Background: The proliferation of e-cigarette content on YouTube is concerning because of its possible effect on youth use behaviors. YouTube has a personalized search and recommendation algorithm that derives attributes from a user's profile, such as age and sex. However, little is known about whether e-cigarette content is shown differently based on user characteristics.

Objective: The aim of this study was to understand the influence of age and sex attributes of user profiles on e-cigarette-related YouTube search results.

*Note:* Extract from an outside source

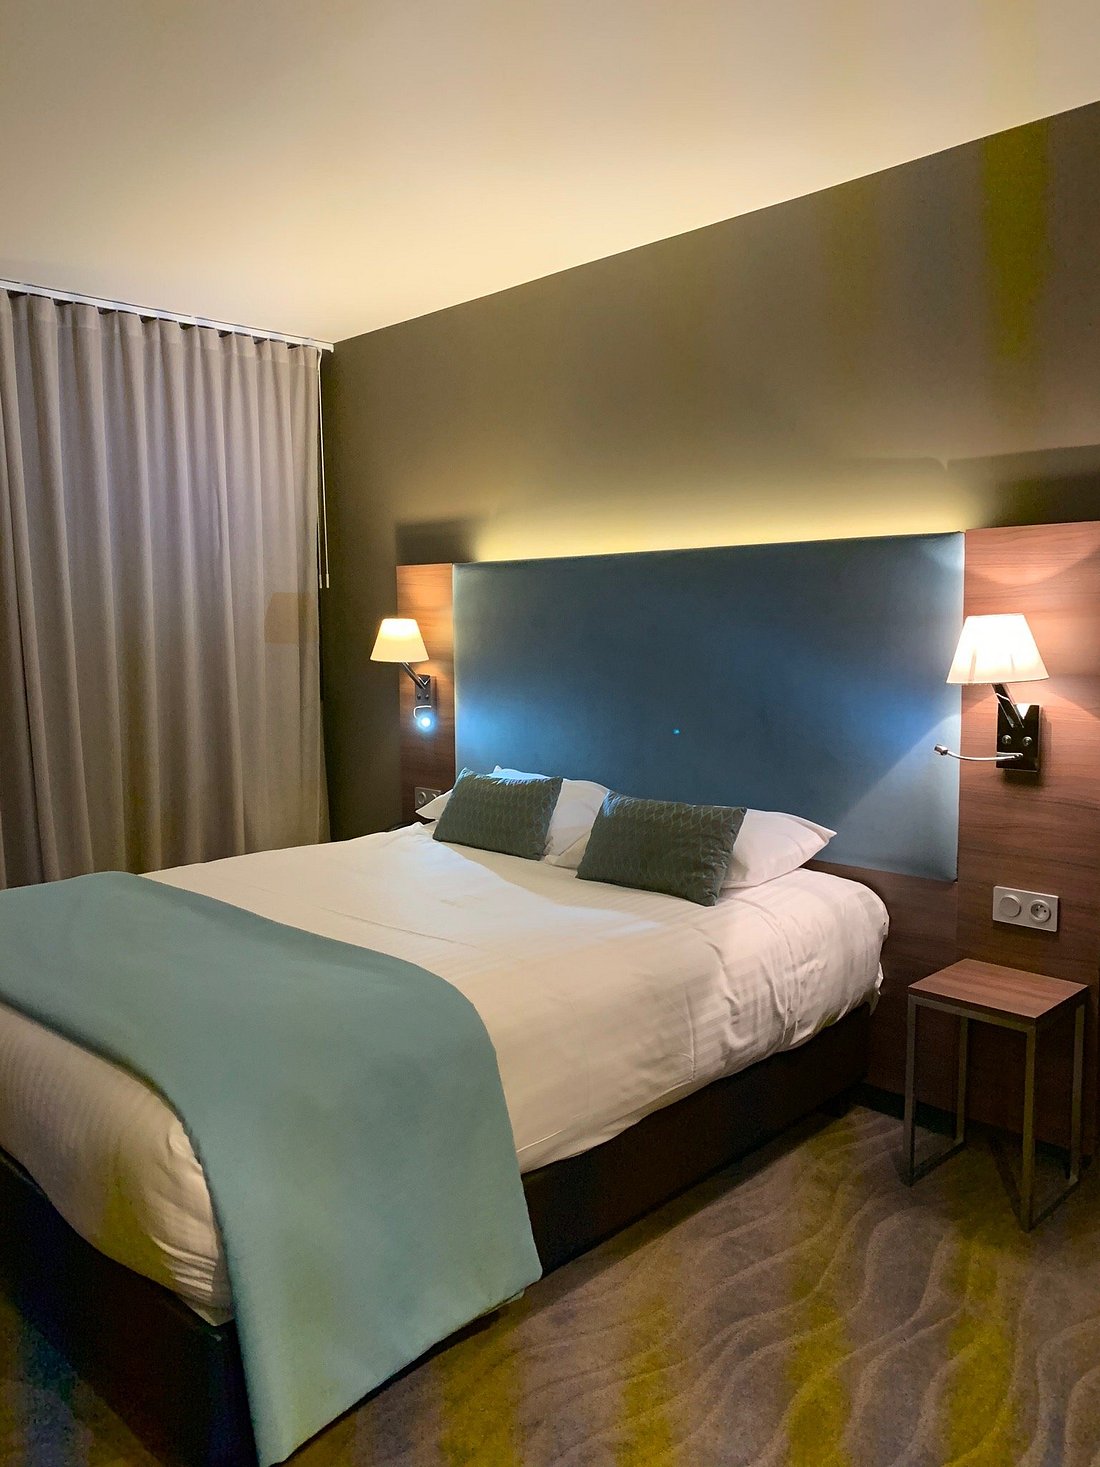 HOTEL LOU CASTELET (Carros) - Hotel Reviews, Photos, Rate Comparison ...

Methods: We created 16 fictitious YouTube profiles with ages of 16 and 24 years, sex (female and male), and ethnicity/race to search for 18 e-cigarette-related search terms. We used unsupervised (k-means clustering and classification) and supervised (graph convolutional network) machine learning and network analysis to characterize the variation in the search results of each profile. We further examined whether user attributes may play a role in e-cigarette-related content exposure by using networks and degree centrality.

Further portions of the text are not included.